Five real pitfalls and how to fix them

Every team adopting AI-assisted delivery runs into a predictable set of failure modes. These are the five that appear most consistently.

Pitfall 1: Treating AI output as reviewed because it was reviewed. A developer reviews an AI-generated PR the same way they skim a junior engineer's work — checking structure, not interrogating logic. AI-generated code has no model of the broader system context. It solves the stated problem without knowing what assumptions the surrounding code makes, what invariants the system depends on, or what edge cases are handled elsewhere. Fix: explicitly label AI-generated sections in PRs (GitHub Copilot adds Co-Authored-By: to commits automatically; require this for any AI-assisted code) and apply a higher scrutiny standard to those sections, not a lower one.

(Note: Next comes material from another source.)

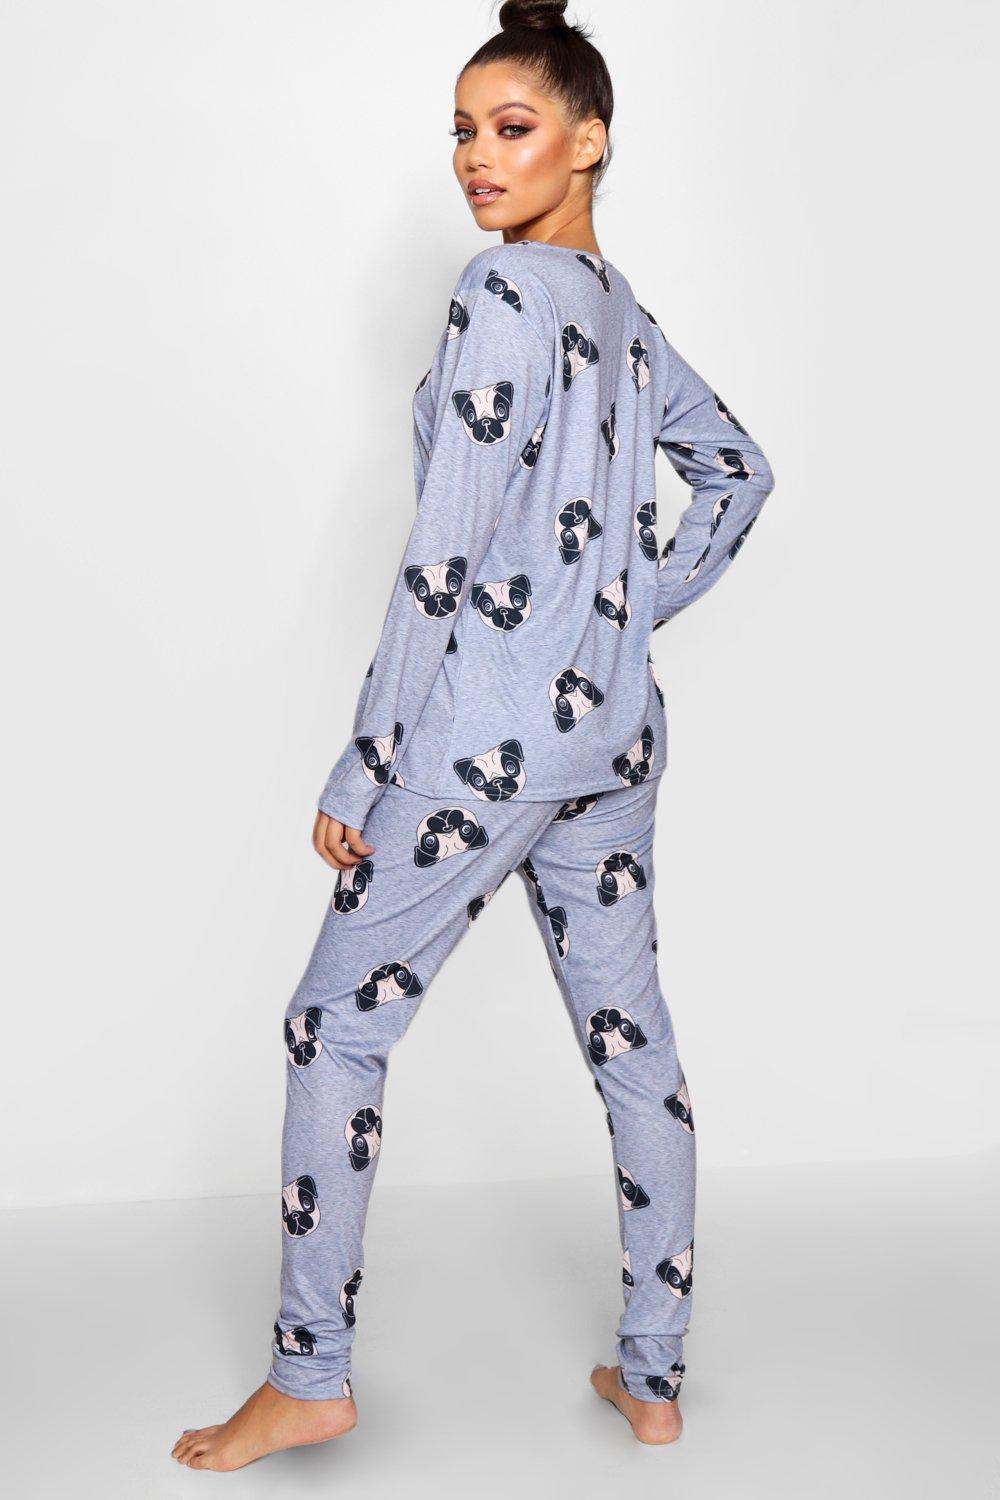 Pzuqiu Stylish Sleepwear Sets for Women Skin Friendly Pajamas Pants Pug  Corgi Elastic Jogger & Walking Soft Nightwear 2Pcs,Merry Xmas Size 4XL Crew

Pitfall 2: Expanding AI licences before stabilising CI. Teams roll out Copilot or Cursor company-wide before their CI pipeline is reliable. The result is a flood of PRs with inconsistent quality and a CI system that cannot keep up or is not trusted. Fix: measure your current pipeline health — flaky-test rate, CI wall time, average time-to-merge — before expanding AI adoption. If any of those numbers is bad, the pipeline is the right investment first.

Pitfall 3: Generating tests with the same AI that generated the code. AI that writes the implementation and then writes the tests for it tends to produce tests that verify what the code does, not what it should do. Coverage percentage looks fine; mutation score is poor. Fix: require that test cases for AI-generated logic either be written by a human or generated by a separate AI prompt with an adversarial framing ("write tests that would catch bugs in this function, including edge cases the implementation might miss"). These are different prompts and they produce meaningfully different tests.

Pitfall 4: AI-generated IaC with no policy enforcement. As described above, AI produces syntactically valid Terraform that passes terraform plan but violates your security posture. This class of error is invisible until an audit or an incident. Fix: Checkov or Conftest policies in CI, running on every IaC pull request, with hard failures for critical checks. The policy configuration shown in the previous section catches the most common variants.

Pitfall 5: AI-generated commit messages as the audit trail. AI commit messages are fluent and empty. "Updated authentication logic to improve security" tells you nothing about what changed or why. In a post-incident review, or during an audit, this is a serious problem. Fix: require a commit message template that includes a structured change rationale and a link to the issue or decision record. AI can draft the prose; a human must supply the reasoning. The distinction matters.

What to remember

AI adoption is near-universal (~90%); genuine trust in AI output is not — roughly 30% of developers report little or no confidence in what it generates (DORA 2025).
AI raises throughput and can raise instability simultaneously. Platform quality — fast CI, low flaky-test rate, cheap rollback, solid observability — is the variable that determines which direction the amplification runs.
Code quality signals are deteriorating under AI: code churn roughly doubled, copy-paste code up ~48%, and refactoring down by over 60% between 2020 and 2024 (GitClear, 2025, 211M lines).
Harden the pipeline before expanding AI adoption: sub-10-minute CI, flaky-test rate below 2%, policy gates on IaC, SAST on AI-assisted PRs, and a churn metric in your sprint retrospective.
Let AI investigate and summarise freely in incident response, but require a human approval gate on any action that mutates production state — and track whether the AI diagnosis was actually correct.
Platform investment and AI investment are sequential, not competing. Fix the platform first; then let AI compound on top of it.